Treasury yields fell on Tuesday as markets awaited the release of October’s producer price index figures and digested U.S. Federal Reserve speaker commentary.
At around 4:20 a.m. ET, the yield on the benchmark 10-year Treasury was down by around three basis points to 3.8367%. The 2-year Treasury yield was last at 4.3677% after declining by four basis points.
Yields and prices have an inverted relationship. One basis point is equivalent to 0.01%.
Traders looked ahead to the latest PPI figures which are due later in the day. The PPI reflects wholesale inflation by measuring how prices paid to producers for goods and services develop.
Markets are hoping that the data will provide more clarity on whether overall inflation is cooling, after consumer inflation figures released on Thursday hinted at this.

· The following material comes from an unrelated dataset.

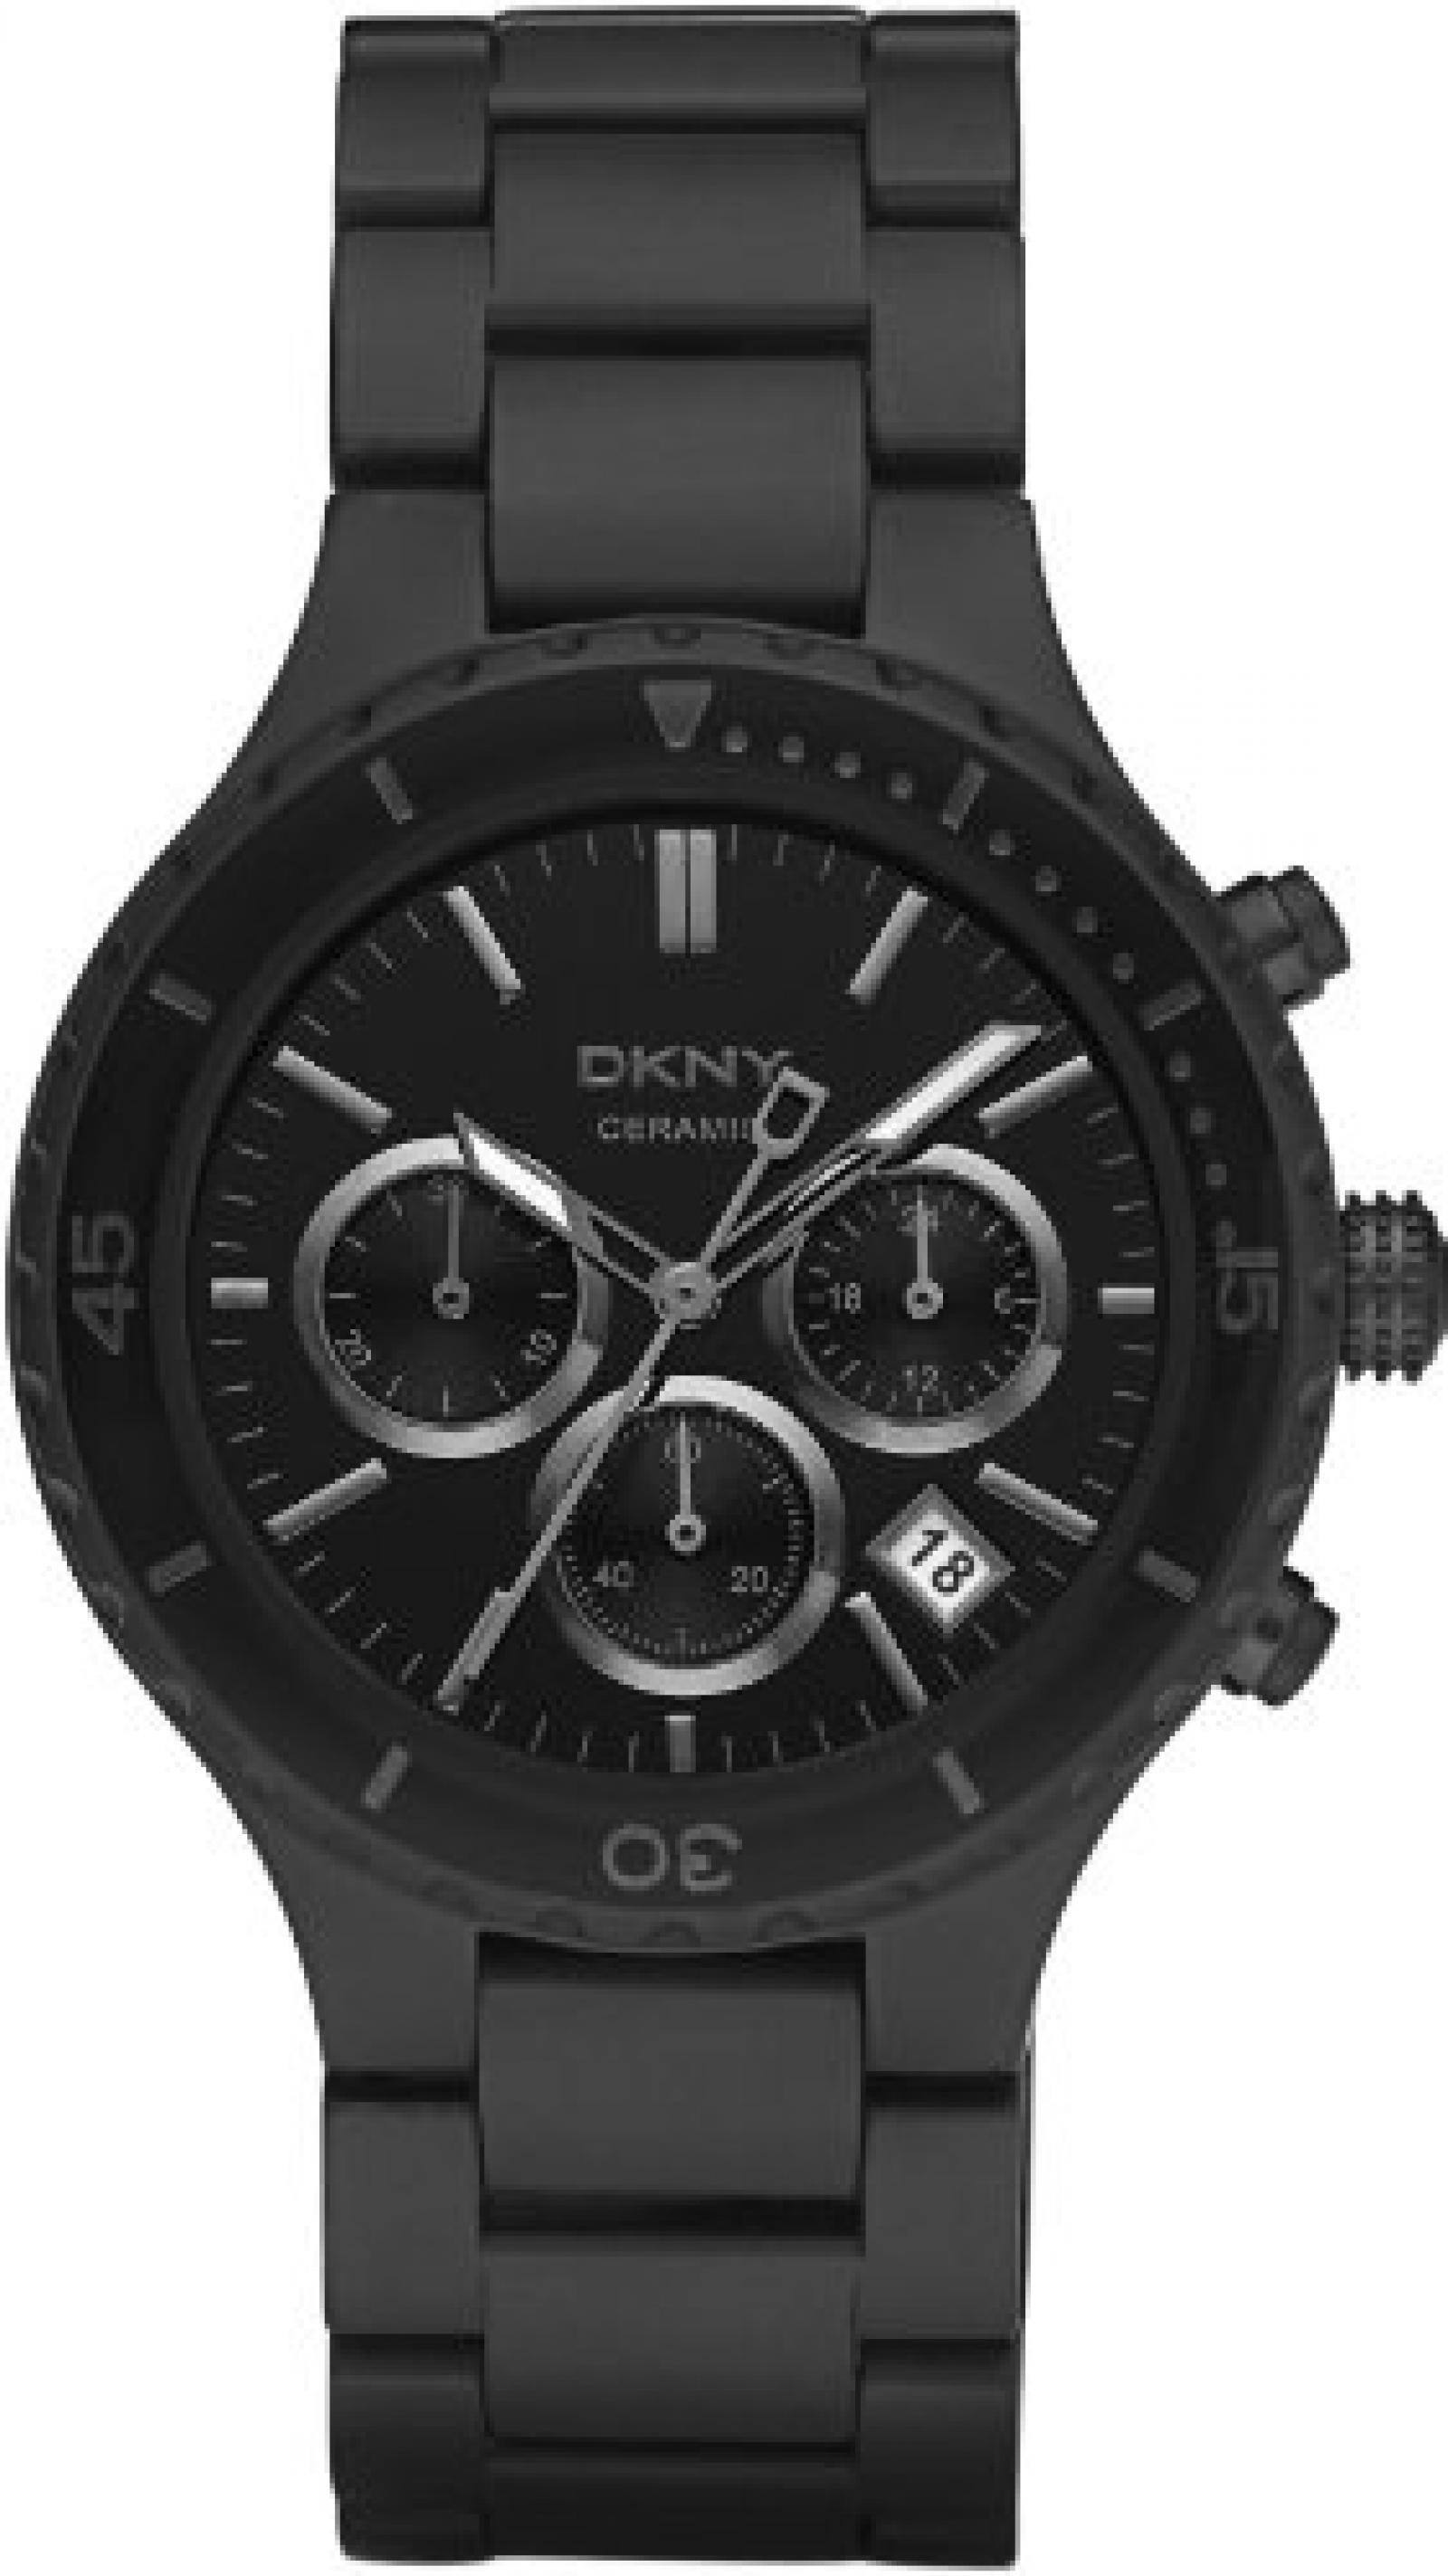 DKNY Uhren - NY8188, Herren-Uhr

Fed Governor Christopher Waller suggested on Monday that last week’s data was only part of the bigger picture and other data points would have to be considered before drawing any conclusions.
He also indicated that the Fed would consider slowing rate hikes, but a pause to them is not imminent.
Federal Reserve Vice Chair Lael Brainard also hinted at a potential slowdown of rate hikes in remarks made on Monday.
Investors have been following Fed speaker comments closely as uncertainty about the central bank’s future policy and concerns about the pace of rate hikes leading the U.S economy into a recession have continued.